The situation at home, he feels, is terrible: "The house is cold. I don't turn on the heating, not to mention the water boiler. I simply can't. Even with the discount I get from the electric company, I can't pay the bills."
He told Ynet of the shrinking stipends: "The National Insurance gives us less, even though prices keep rising. We are now at a stage in which we can't afford to pay the electric bill or go shopping. We are all the victims of the State.
"I think more than twice before I buy anything. If I want to get bread, I only get half a loaf. If I want yogurt, I only buy one cup and share it with my wife. We have nearly stopped buying meat or fish, and if we do, then only on Fridays and very rarely."
Due to the increasing costs of electricity A. and his wife have decided to reduce the number of times they shower each week.
A. said he gets NIS 2,300 ($615) from the National Insurance Insitute and his wife gets a stipend of NIS 1,800 ($480).
"People scrounge for food in dumpsters because they have nothing," he noted. "It's shameful for the State, not for the people in this condition.

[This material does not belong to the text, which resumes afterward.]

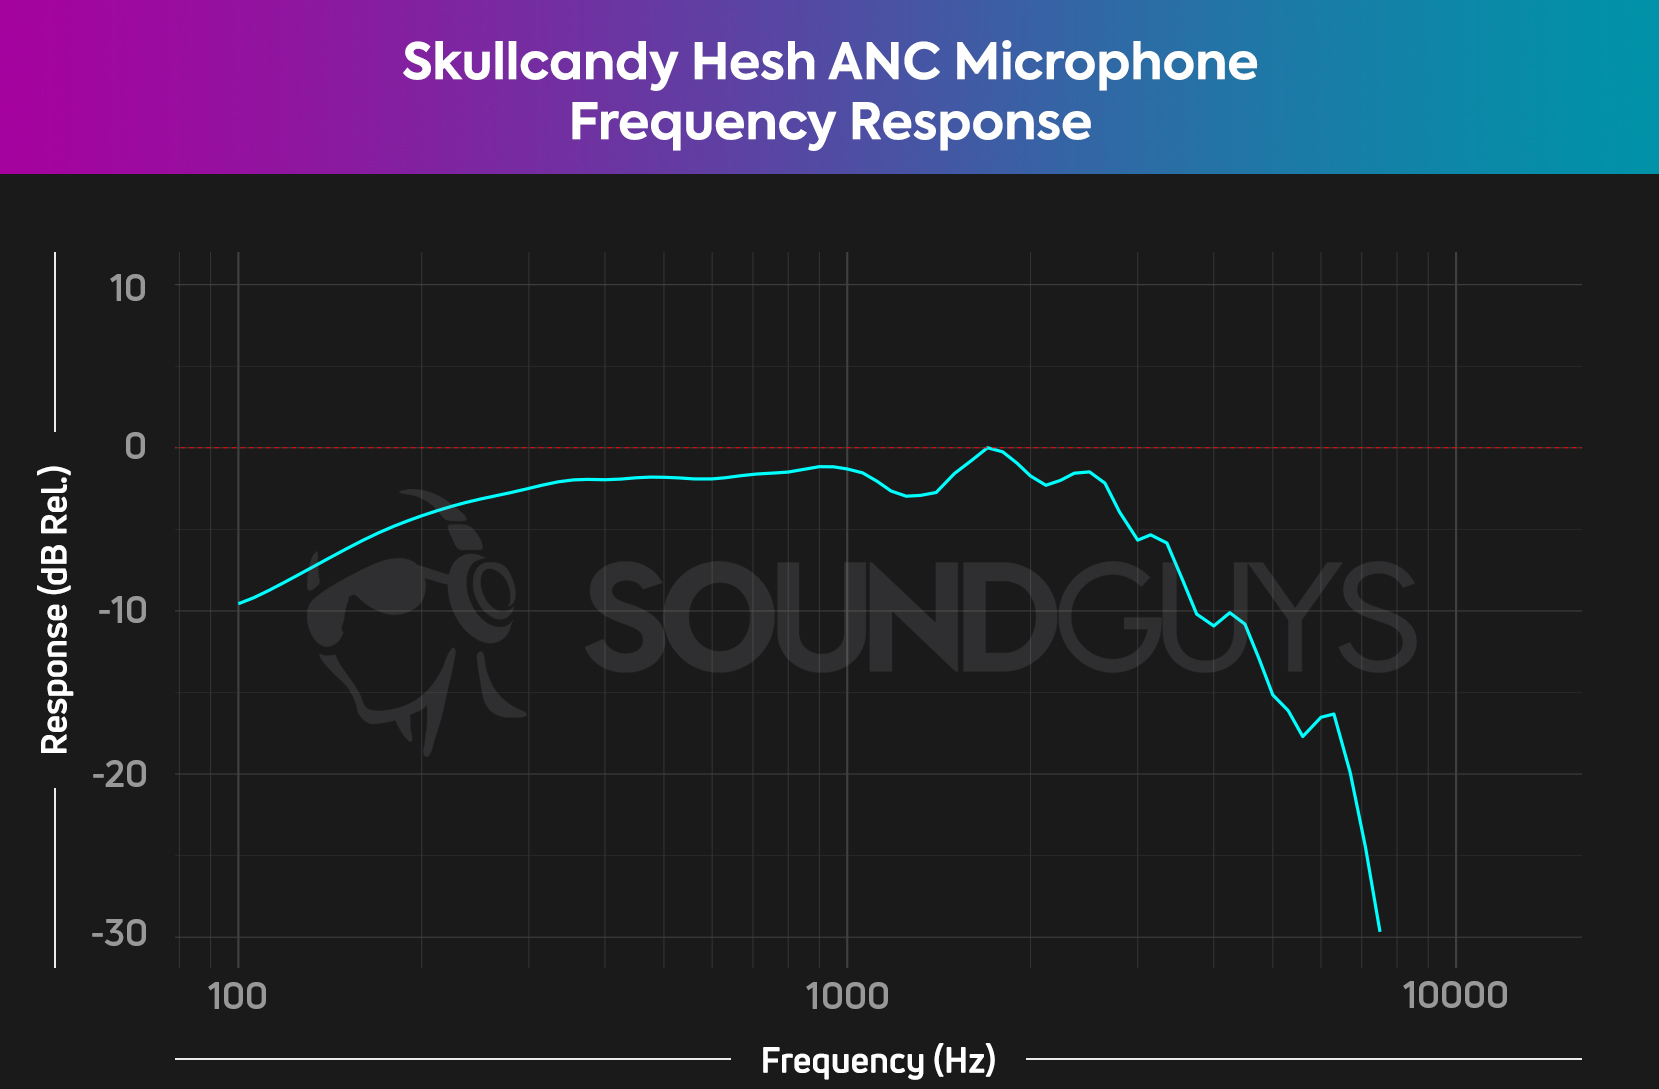 A chart shows the Skullcandy Hesh ANC's microphone performance which is consistent from 300Hz-1kHz.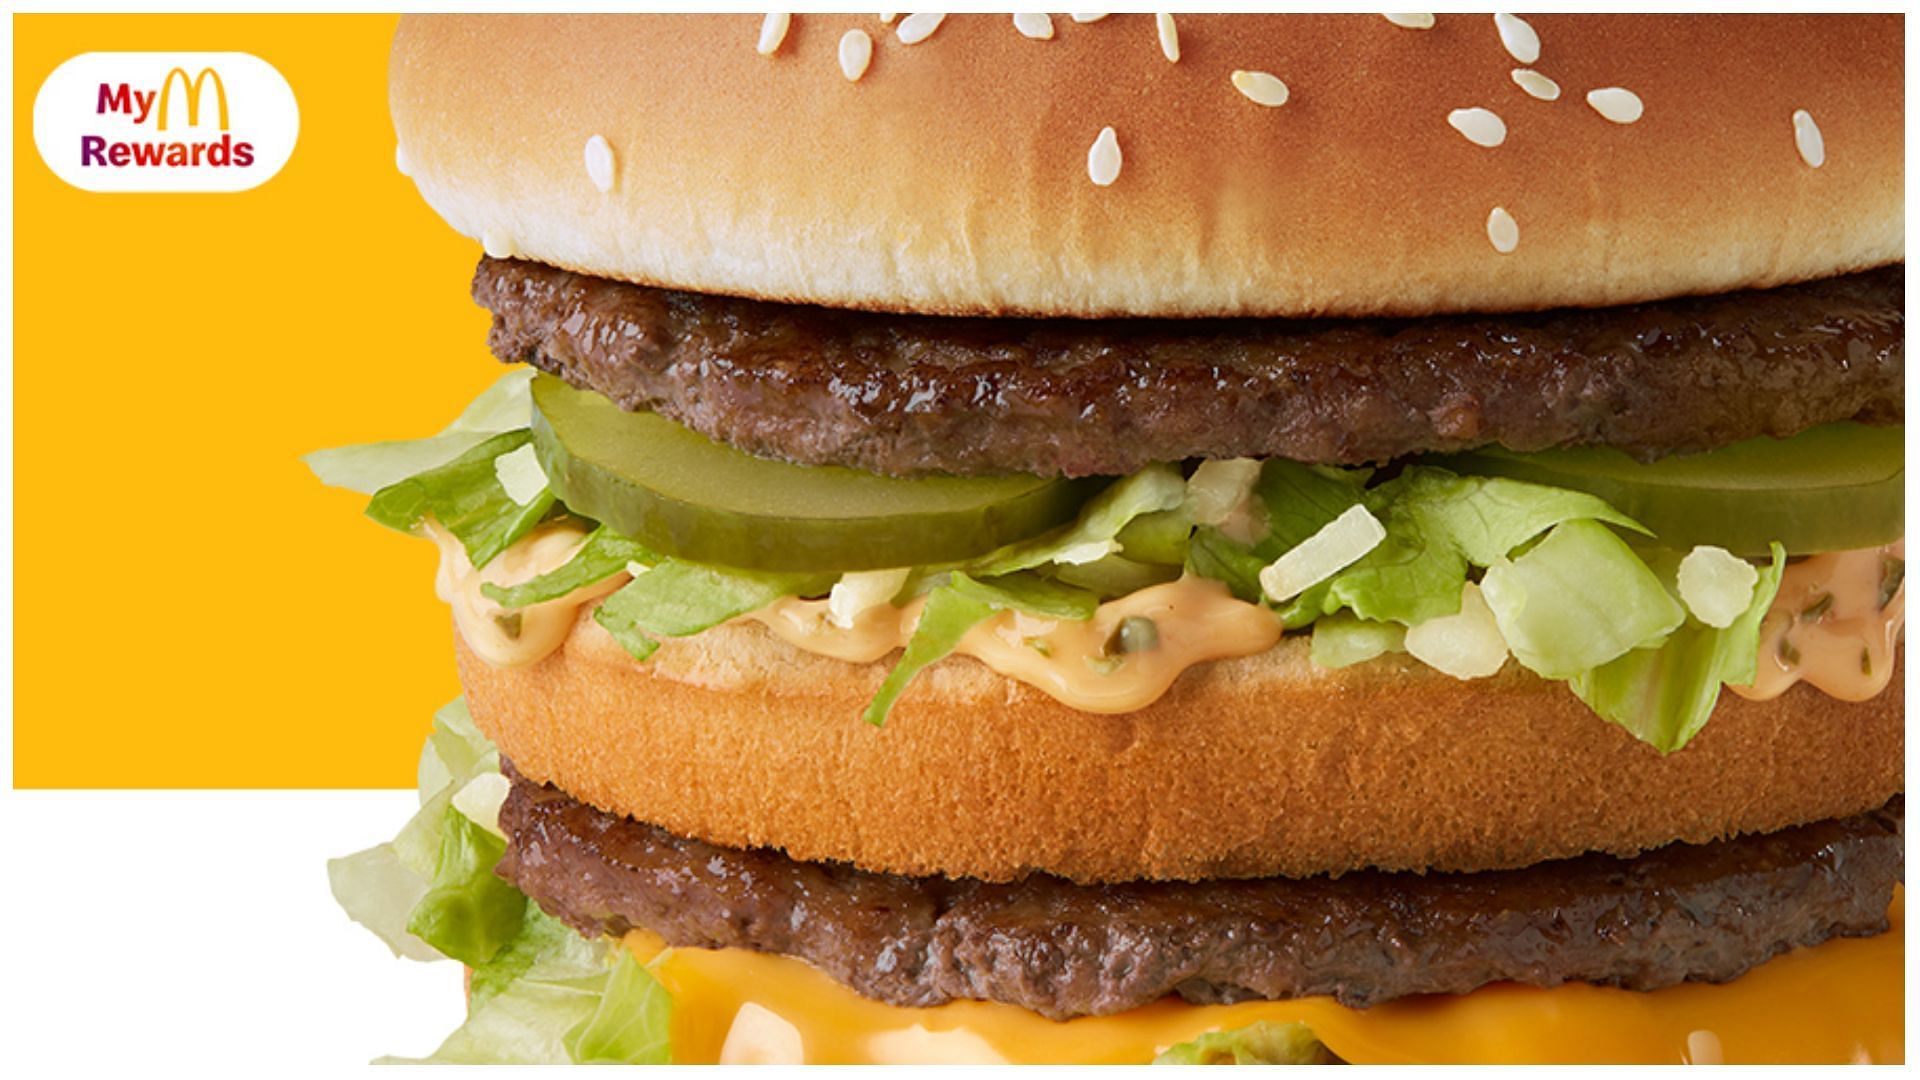 Free Big Mac offer for new users (Image via McDonald&rsquo;s)

"We've been working for 59 years and now that we need some help, they say 'we can't help you.' Everyone in the care center feels the same. At least we have enough food, but there are those around us who don't even have that much. But the State turns a blind eye."
Operation 'Winter Warmth'
The survey was compiled as part of the IFCJ's "Winter Warmth" campaign, which was launched Tuesday. The organization is planning to transfer NIS 500 ($130) to 16,000 senior in need who live in 110 communities.
In addition, the fellowship intends to hand out roughly 11,000 blankets. The overall budget for the campaign is NIS 9.4 million (roughly $2.5 million). The IFCJ said that this year's initiative was organized after it was announced that the price of electricity is to rise by 10%, which means a leap of over 25% in electricity costs in less than two years.
"The citizens of Israel and its leaders should be ashamed given the fact that so many seniors today, in the winter of 2013, have to choose between heating and food and medicine," said Rabbi Yechiel Eckstein, president and founder of the Fellowship. He called on all political parties to promote the issue of aid for the elderly and to raise the stipends immediately after the installment of the next government.